From: Michael Paquier <michael(dot)paquier(at)gmail(dot)com>
To: Kuntal Ghosh <kuntalghosh(dot)2007(at)gmail(dot)com>
Cc: Amit Kapila <amit(dot)kapila16(at)gmail(dot)com>, Robert Haas <robertmhaas(at)gmail(dot)com>, Peter Geoghegan <pg(at)heroku(dot)com>, Simon Riggs <simon(at)2ndquadrant(dot)com>, PostgreSQL-development <pgsql-hackers(at)postgresql(dot)org>, Amit Kapila <amit(dot)kapila(at)enterprisedb(dot)com>
Subject: Re: WAL consistency check facility
Date: 2016-09-13 06:34:46
Message-ID: CAB7nPqRsGtZy7NBQr-B1pkwyaeh=bmtuFg6Sb5ixEZk0xfnwSA@mail.gmail.com
Views: Raw Message | Whole Thread | Download mbox | Resend email
Thread:
Lists: pgsql-hackers

On Mon, Sep 12, 2016 at 5:06 AM, Kuntal Ghosh
<kuntalghosh(dot)2007(at)gmail(dot)com> wrote:
>>+ void (*rm_checkConsistency) (XLogReaderState *record);
>>All your _checkConsistency functions share the same pattern, in short
>>they all use a for loop for each block, call each time
>>XLogReadBufferExtended, etc.
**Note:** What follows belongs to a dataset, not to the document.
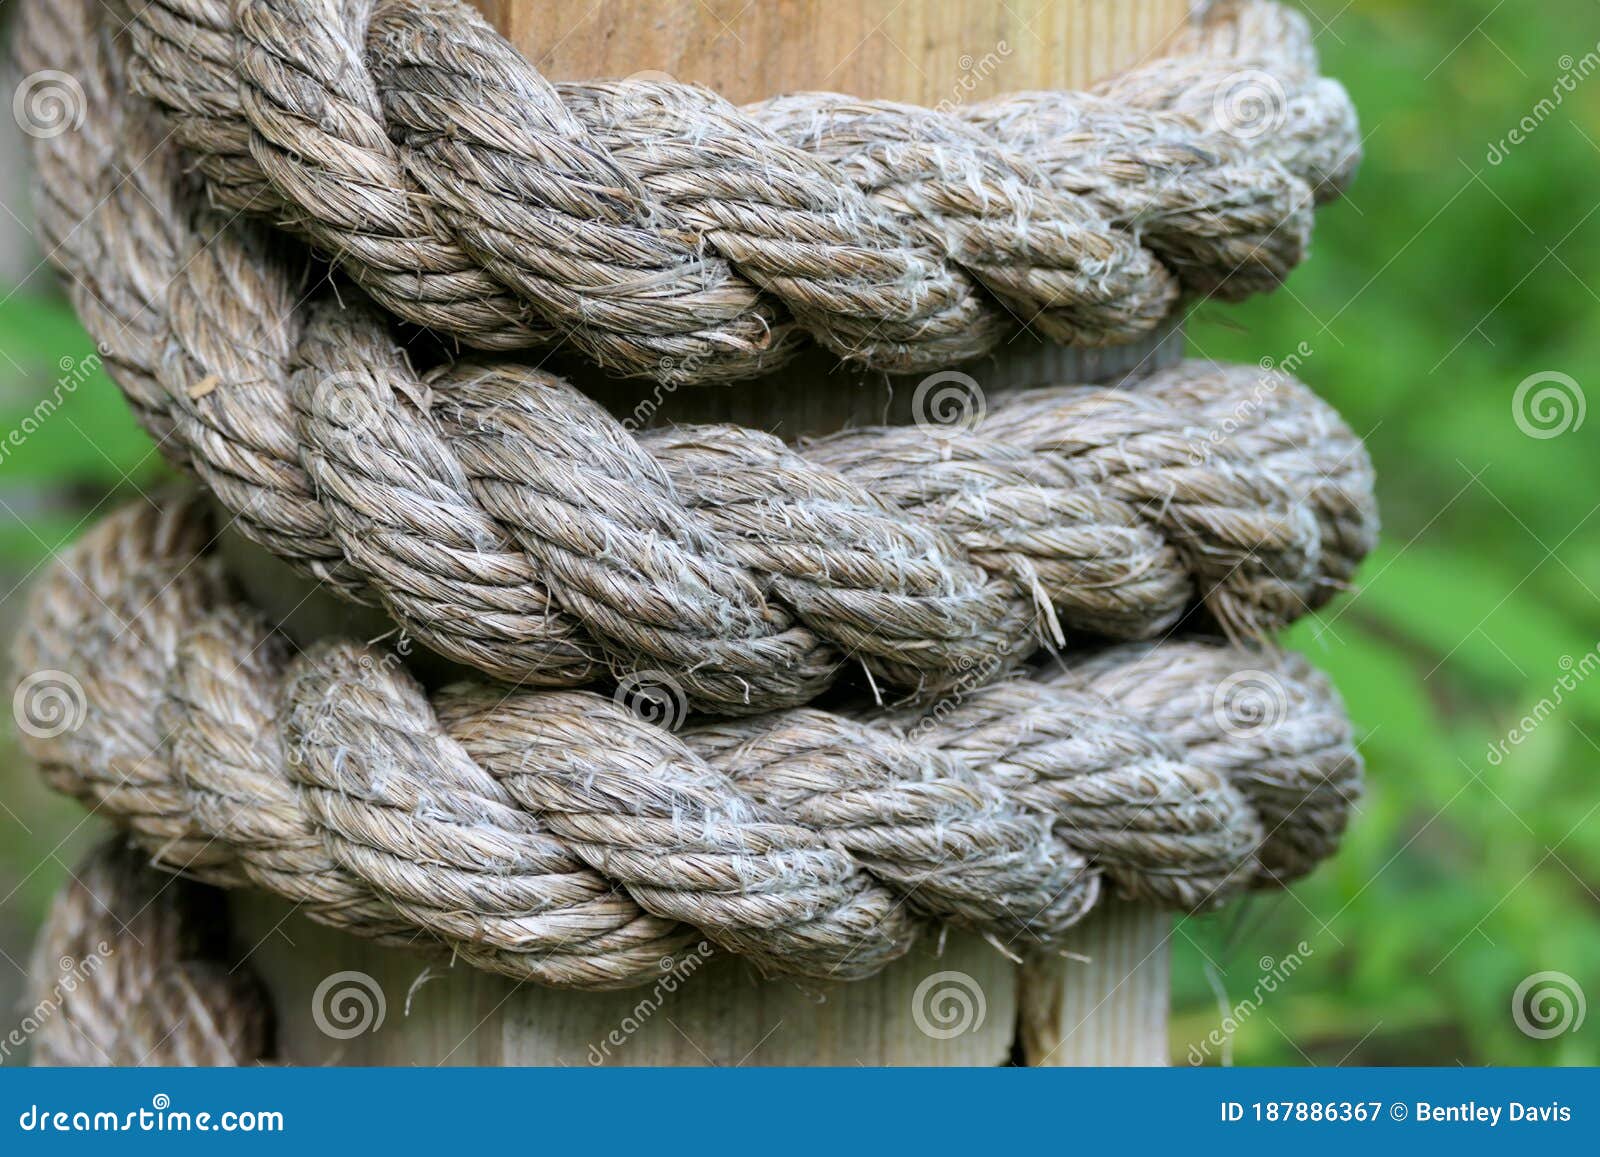 https://thumbs.dreamstime.com/z/thick-twine-rope-wrapped-around-wooden-post-three-times-wood-pole-187886367.jpg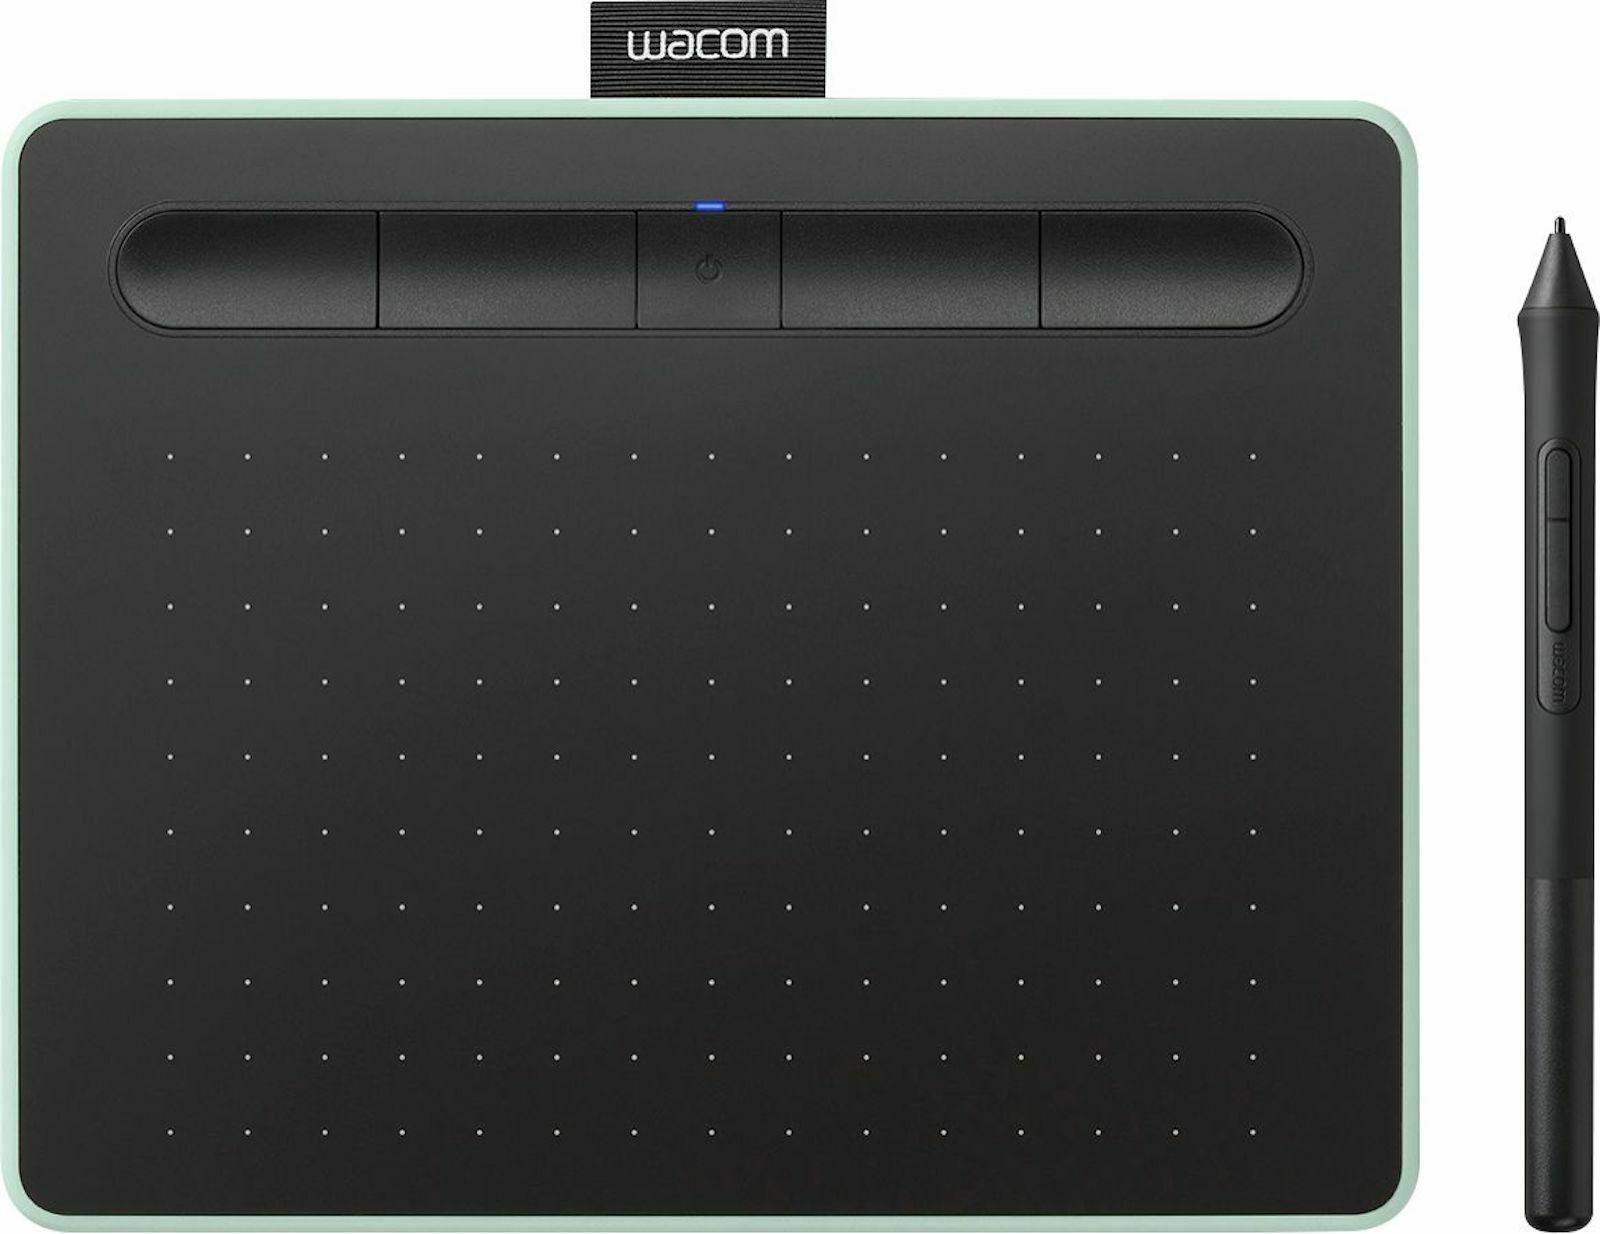 Wacom Intuos Graphics Drawing Tablet CTL4100 w. Stylus PC Mac Chromebook Android

And this leads to a *lot* of duplication.
>>You would get a reduction by a couple of hundreds of lines by having a
>>smarter refactoring. And to be honest, if I look at your patch what I
>>think is the correct way of doing things is to add to the rmgr not
>>this check consistency function, but just a pointer to the masking
>>function.
>
> +1. In rmgrlist, I've added a pointer to the masking function for each rmid.
> A common function named checkConsistency calls these masking functions
> based on their rmid and does comparison for each block.

The patch size is down from 79kB to 38kB. That gets better :)

>>> - If WAL consistency check is enabled for a rmgrID, we always include
>>> the backup image in the WAL record.
>>
>>What happens if wal_consistency has different settings on a standby
>>and its master? If for example it is set to 'all' on the standby, and
>>'none' on the master, or vice-versa, how do things react? An update of
>>this parameter should be WAL-logged, no?
>
> If wal_consistency is enabled for a rmid, standby will always check whether
> backup image exists or not i.e. BKPBLOCK_HAS_IMAGE is set or not.
> (I guess Amit and Robert also suggested the same in the thread)
> Basically, BKPBLOCK_HAS_IMAGE is set if a block contains image and
> BKPIMAGE_IS_REQUIRED_FOR_REDO (I've added this one) is set if that backup
> image is required during redo. When we decode a wal record, has_image
> flag of DecodedBkpBlock is set to BKPIMAGE_IS_REQUIRED_FOR_REDO.

Ah I see. But do we actually store the status in the record itself,
then at replay we don't care of the value of wal_consistency at
replay. That's the same concept used by wal_compression. So shouldn't
you have more specific checks related to that in checkConsistency? You
actually don't need to check for anything in xlogreader.c, just check
for the consistency if there is a need to do so, or do nothing.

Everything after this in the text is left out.